Can I learn AI with C?

AI learning opportunities for beginners and advanced users

Google's Teachable Machine explains how machine learning works in a playful way so that even children can understand it. If necessary, however, an adult has to translate the English-language explanatory texts for you. The visitor only needs a browser and a webcam. With their images, a neural network can be trained to recognize three different gestures. Teachable Machine assigns three colors to these gestures: green, pink, and orange. Depending on which gesture it recognizes, it outputs different images, sounds or sentences.

To teach the network the first gesture, such as a greeting hand, you perform it and press the "Train Green" button.Teachable machine makes a series of photos. The tutorial recommends training the network with at least 30 photos per color.

Now repeat this step with the gestures for the colors pink and orange. The network then shows live which gesture it is currently recognizing. To be more precise, it permanently outputs the probability of recognizing the respective gesture in the image for all three colors - and for those with the highest probability it presents the output.

Teachable Machine shows very well how clearly separated input data can improve the recognition results and how unexpected effects can worsen the results, e.g. different lighting than during training. Incidentally, the fact that the application uses the notebook camera is not a problem: It runs completely in the browser and does not transmit any images to Google.

Wire it yourself

Deeper insights allowedA Neural Network Playground, with which the visitor can play through the entire process of using a deep artificial neural network - the selection of the individual neurons, their staggering in hidden layers, the training, the output: perhaps the most intuitive approach to experience what makes deep learning tick.

The construction kit can be used to build classifiers, among other things. The task here is to assign data points to one of two sets. That sounds more complicated than it is. The playground shows data, neurons and weights graphically. So you can see at first glance how each neuron and each connection affects the overall network - before, during and after learning. And then you can start experimenting: The given network does not want to recognize one of the given data sets? Then you can equip it with new network layers and neurons and try again. By the way, the network topology is contained in the URL. Anyone who has found a nice solution to a problem can easily pass it on.

The question of why

Normally you can't see into a neural network like you can with the Neural Network Playground - many artificial neural networks are black boxes because they are much more complex. The fact that you cannot understand their decisions is a problem for many use cases, such as medical diagnoses: Here you want to know why an AI made a certain decision.

For this reason, so-called interpretable AI is currently an important field of research. Here we are looking for ways to make the decision-making processes of artificial intelligence transparent. One method for this is called Layer-Wise Relevance Propagation. In a very simplified way, it goes through the decision-making processes in neural networks backwards.

It becomes clear which input has which influence on the result. The influence of each feature on the result can be visualized using heat maps, for example. On the Server of the Fraunhofer HHI you can try this method with photos, texts and handwritten numbers.
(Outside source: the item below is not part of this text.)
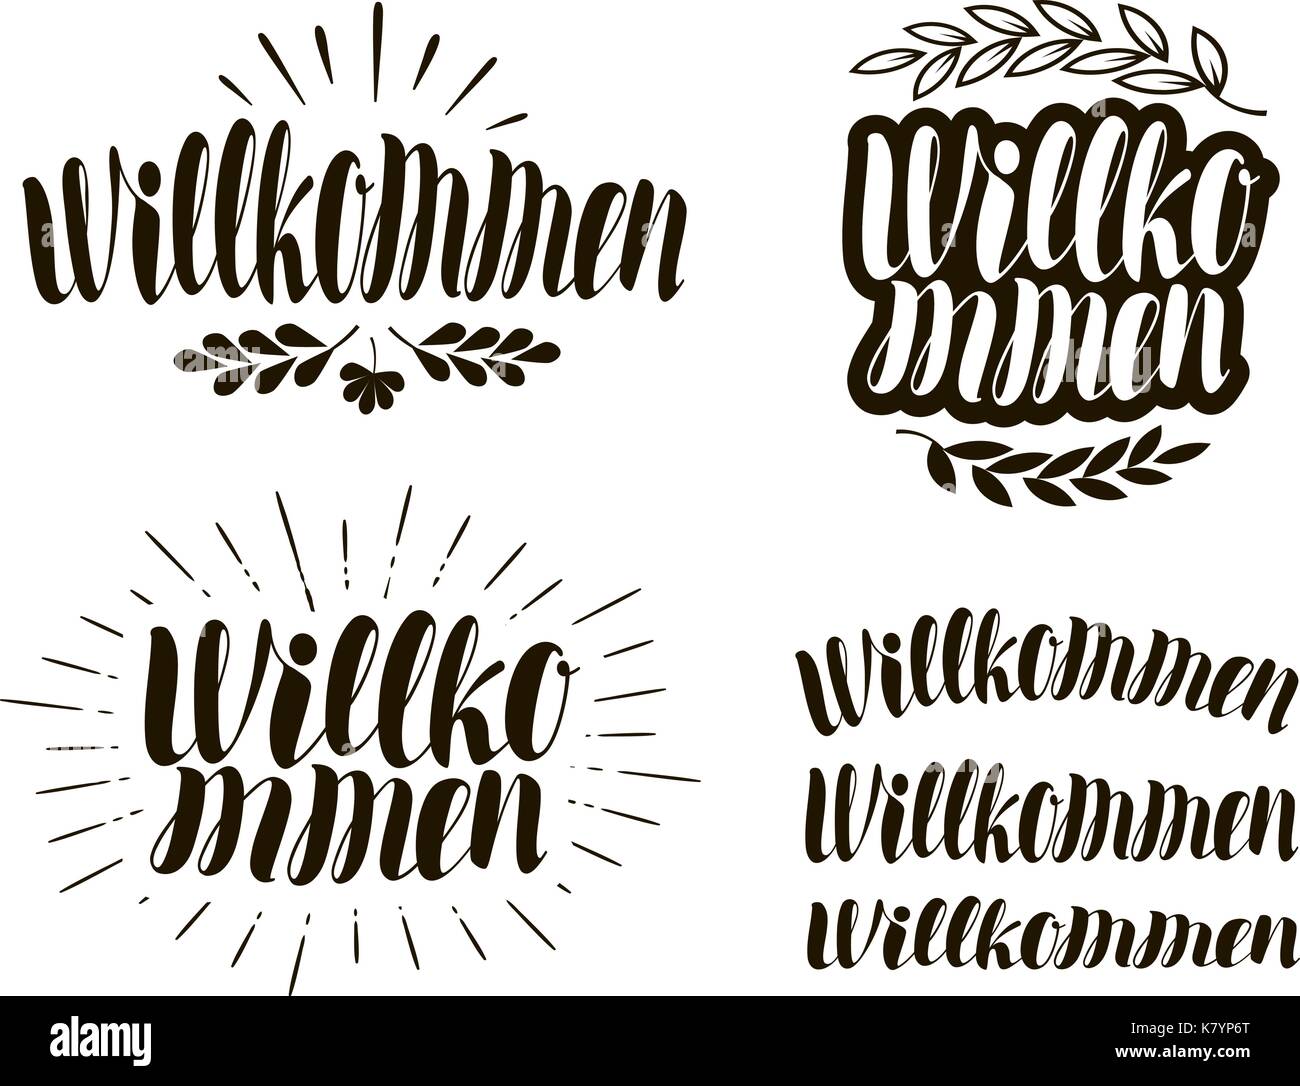 Willkommen, lettere manoscritte. calligraphy illustrazione vettoriale Illustrazione Vettoriale

The researchers from Google and OpenAI also let you look into their networks. To do this, they have found a way to visualize the concepts implemented in an image recognition network, for example: What is an (ideal) radio? This results in picture matrices that are worth seeing, so-called Activation atlases.

Immerse yourself deeper

Anyone who has gained intuitive access to deep learning with the three services presented and has tasted blood may want to delve deeper into the subject and also understand the mathematical basics. There is also the free online bookNeural Networks and Deep Learning a good starting point. Practical: The first chapter deals in detail with letter recognition, which is the subject of the following programming article.

There are also numerous online courses on machine learning. The is highly recommended Andrew Ng's course at Coursera. Ng is a respected AI pioneer and teaches at Stanford University. The course itself is free; whoever wants to complete it with a certificate pays 71 euros.

Many, many more links to learning sources on the subject of deep learning can be found in the collection Awesome Deep Learning Resources at GitHubthat the developer Guillaume Chevalier has compiled. At learn anything visitors collect learning sources of various kinds, from Wikipedia articles to free books to Reddit threads or subreddits. (yo)


This article comes from c't 21/2019.